Stored data →
__________________________________________________

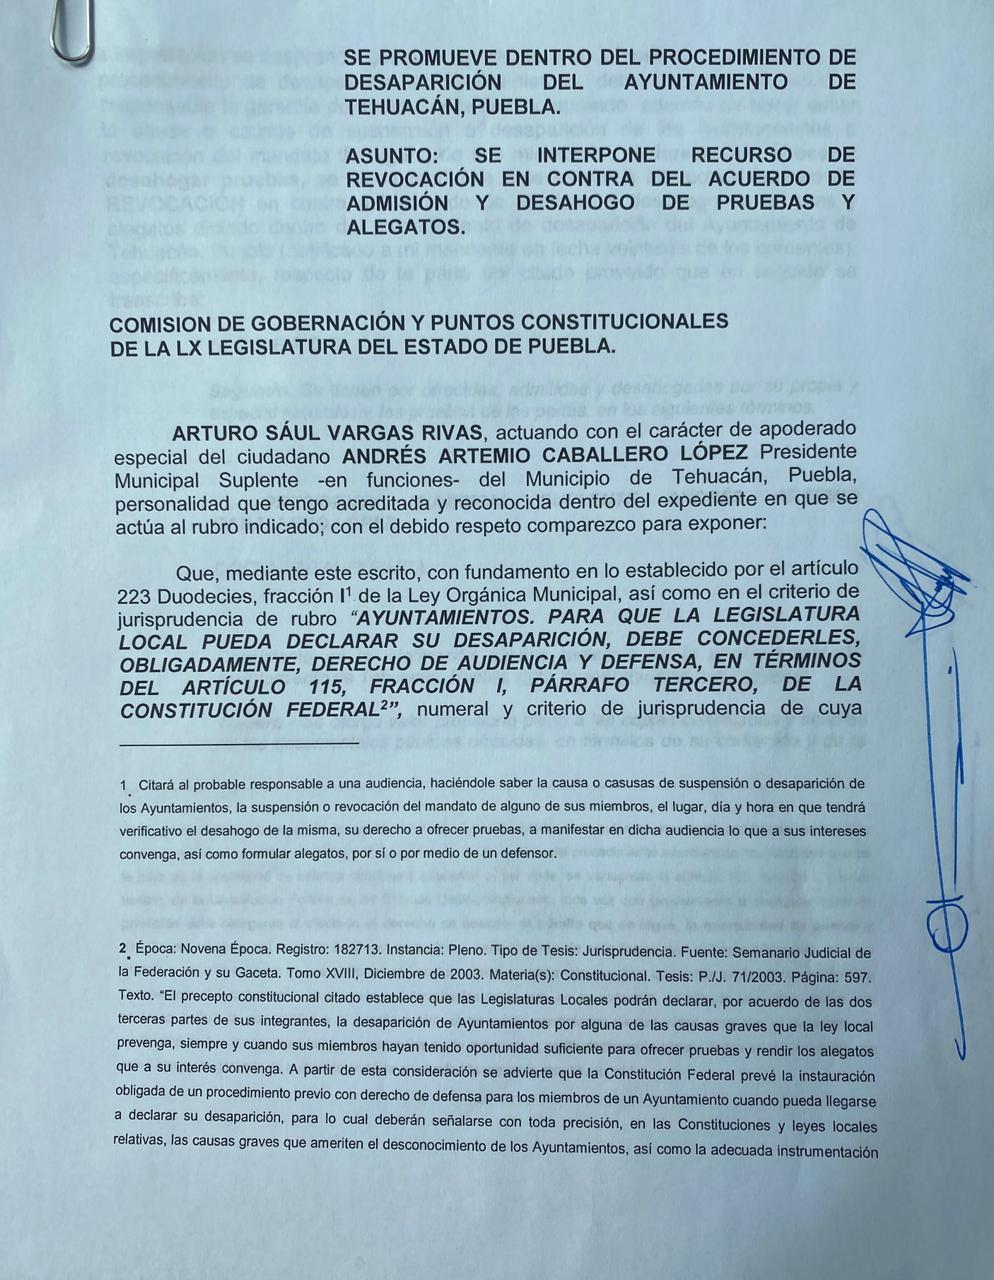 Andrés Artemio Caballero se defiende contra la disolución de su Cabildo en Tehuacán
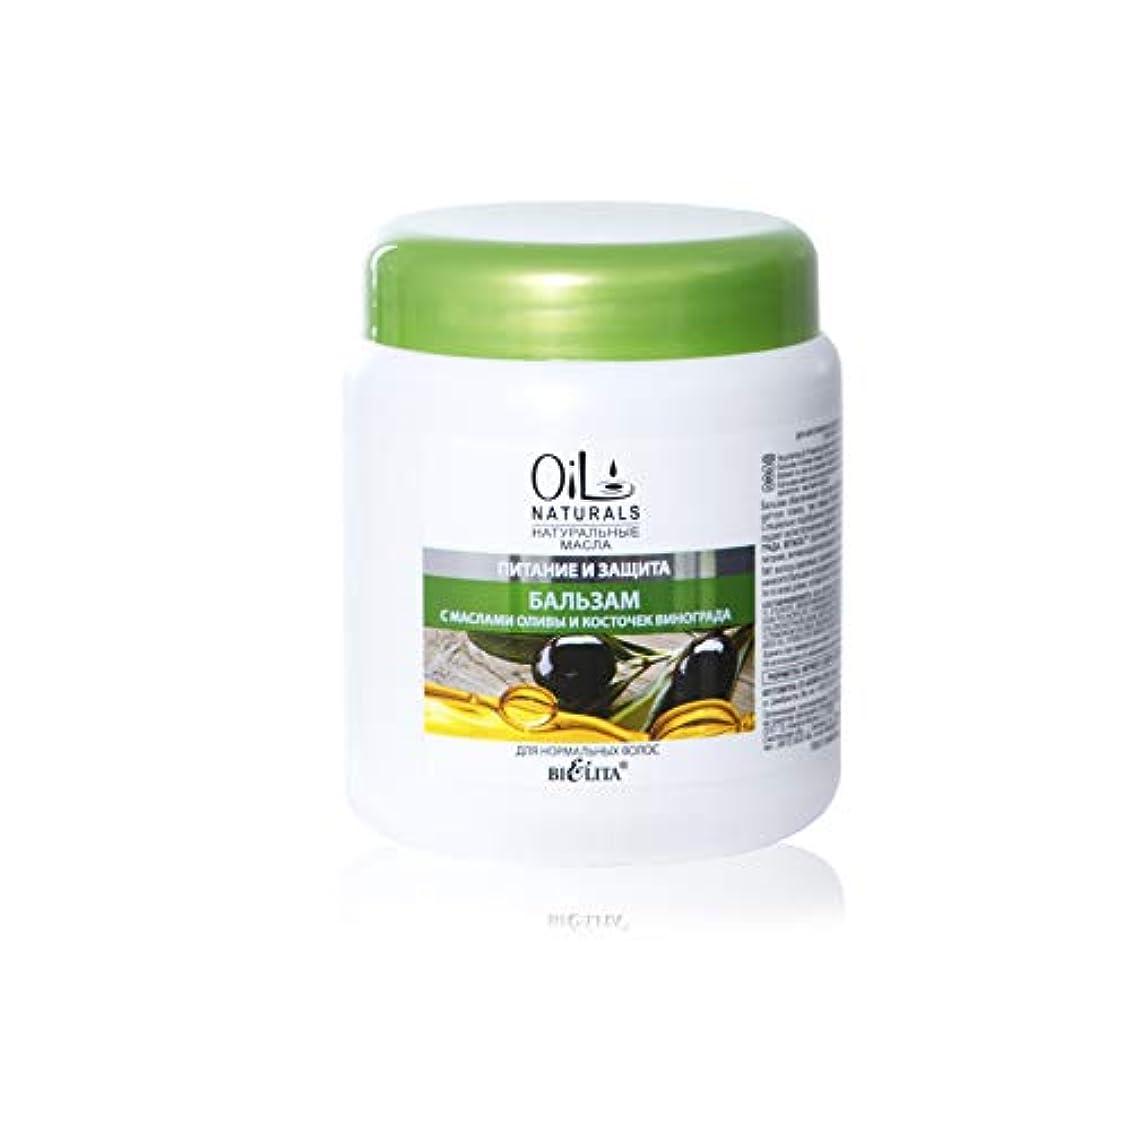 緊張コンペ刺しますBielita & Vitex Oil Naturals Line | Nutrition & Protection Balm for Normal Hair, 450 ml | Grape Seed Oil, Silk...
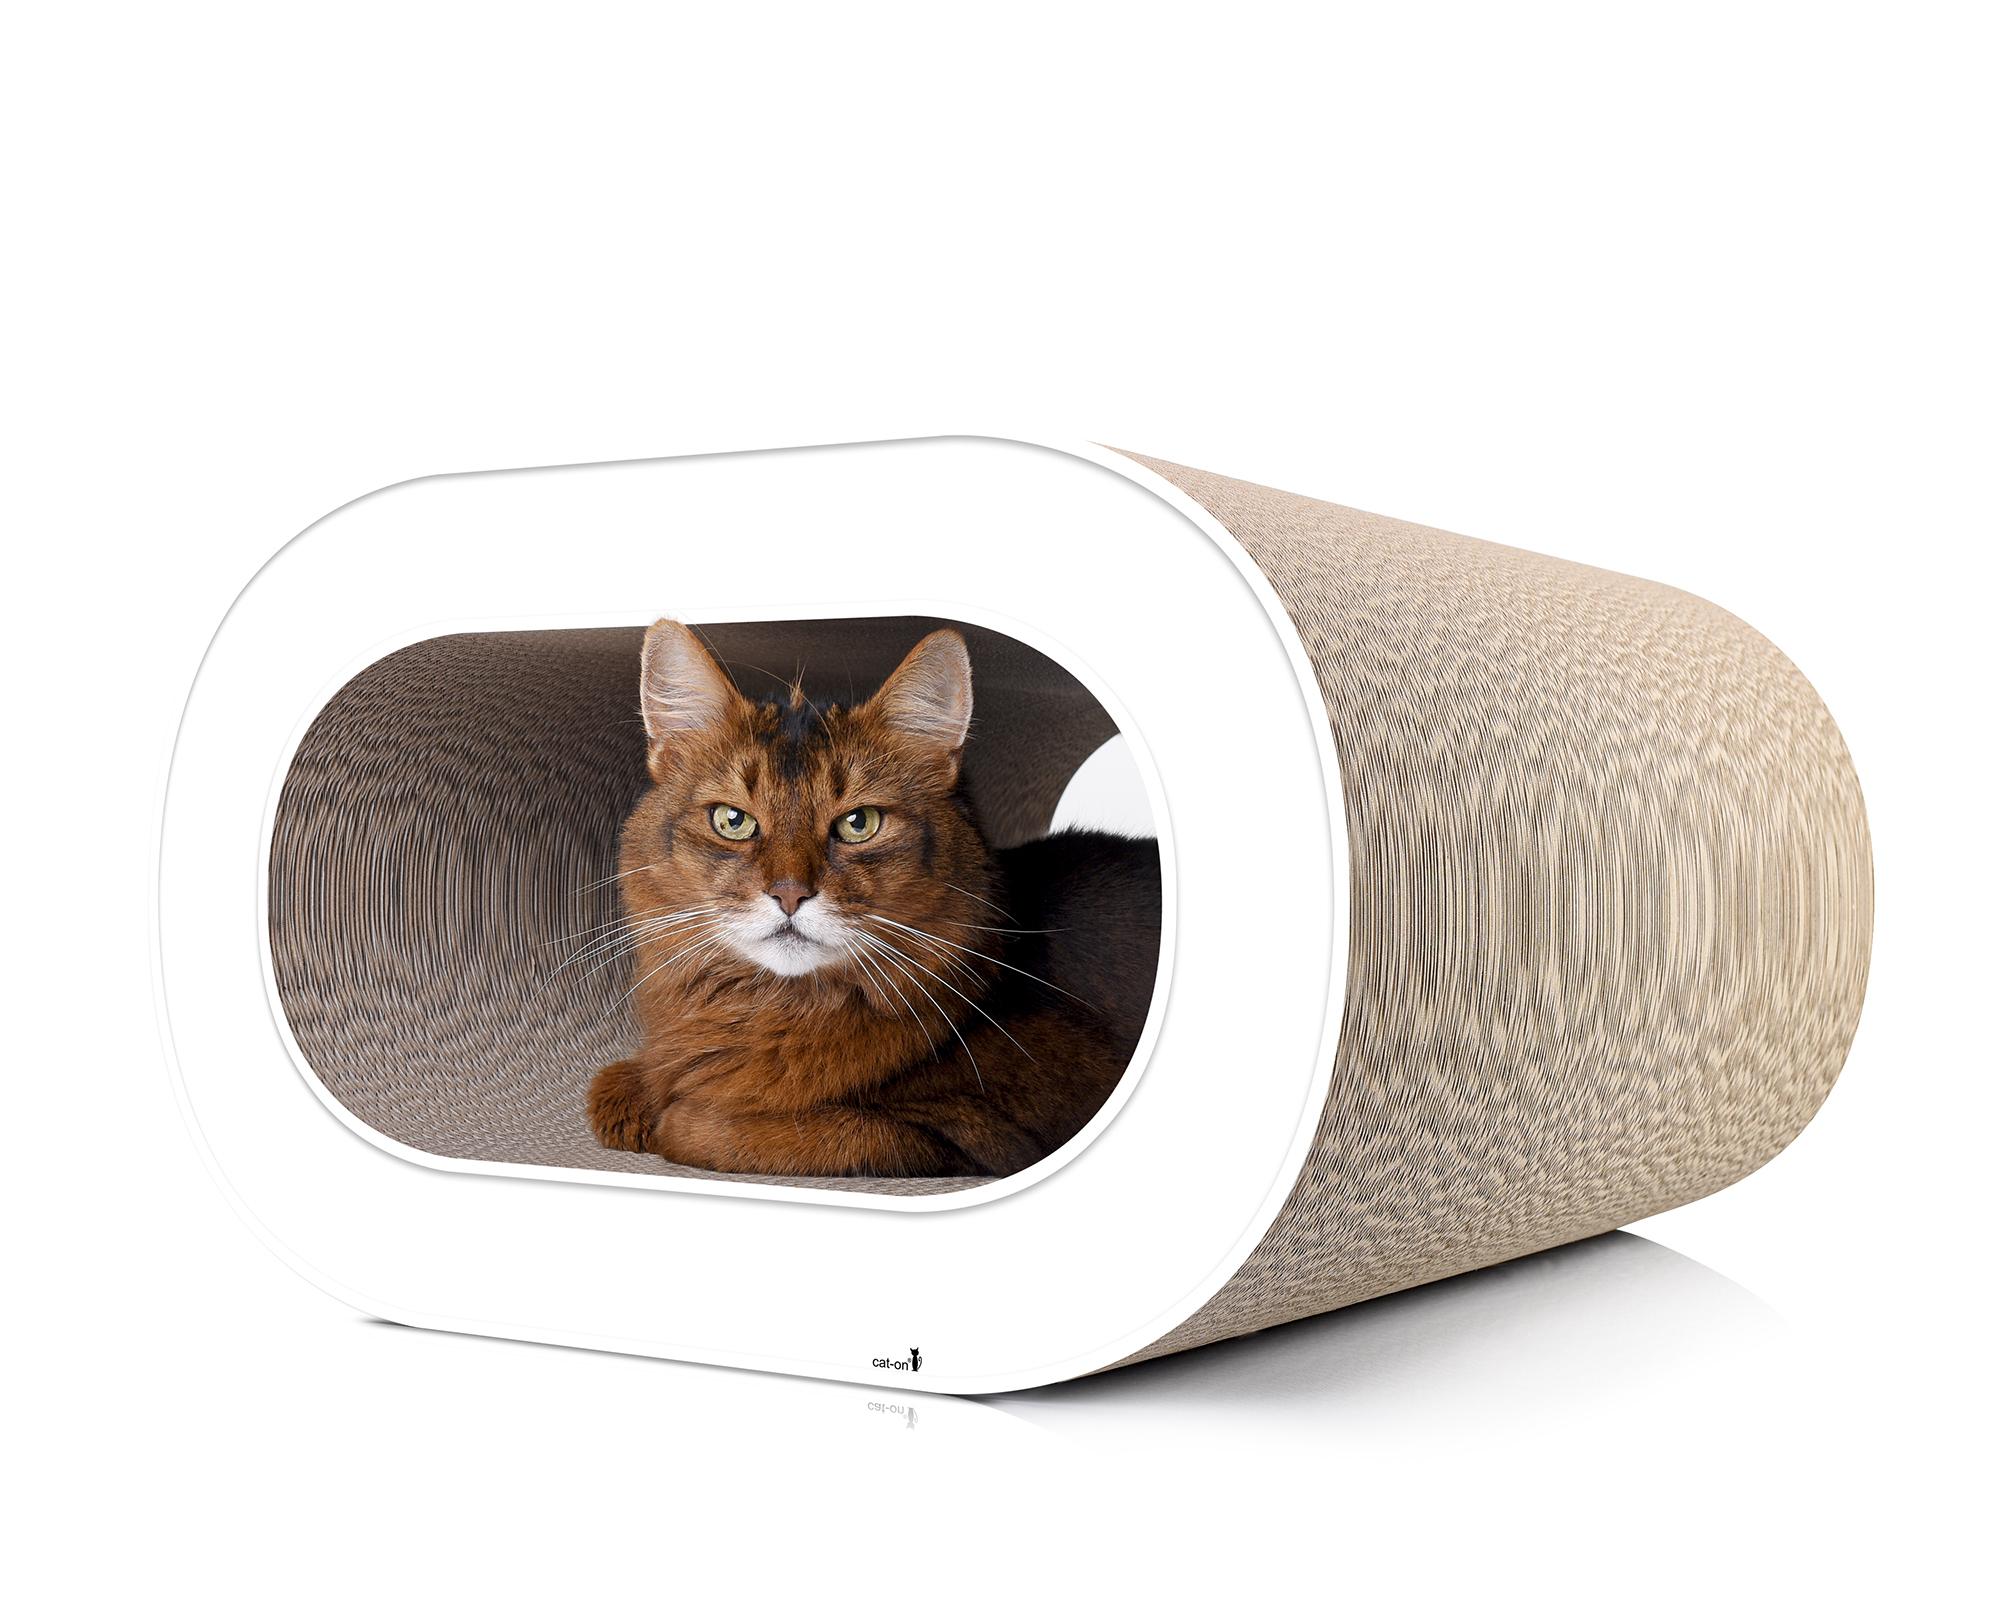 Le Tronc XL design cat scratcher

__________________________________________________

What the exercise asks → Set down word for word, from the line that contains "緊張コンペ刺しますBielita & Vitex" to the end of the listing above, every line and no picture.

Answer section →
 緊張コンペ刺しますBielita & Vitex Oil Naturals Line | Nutrition & Protection Balm for Normal Hair, 450 ml | Grape Seed Oil, Silk...
 Le Tronc XL design cat scratcher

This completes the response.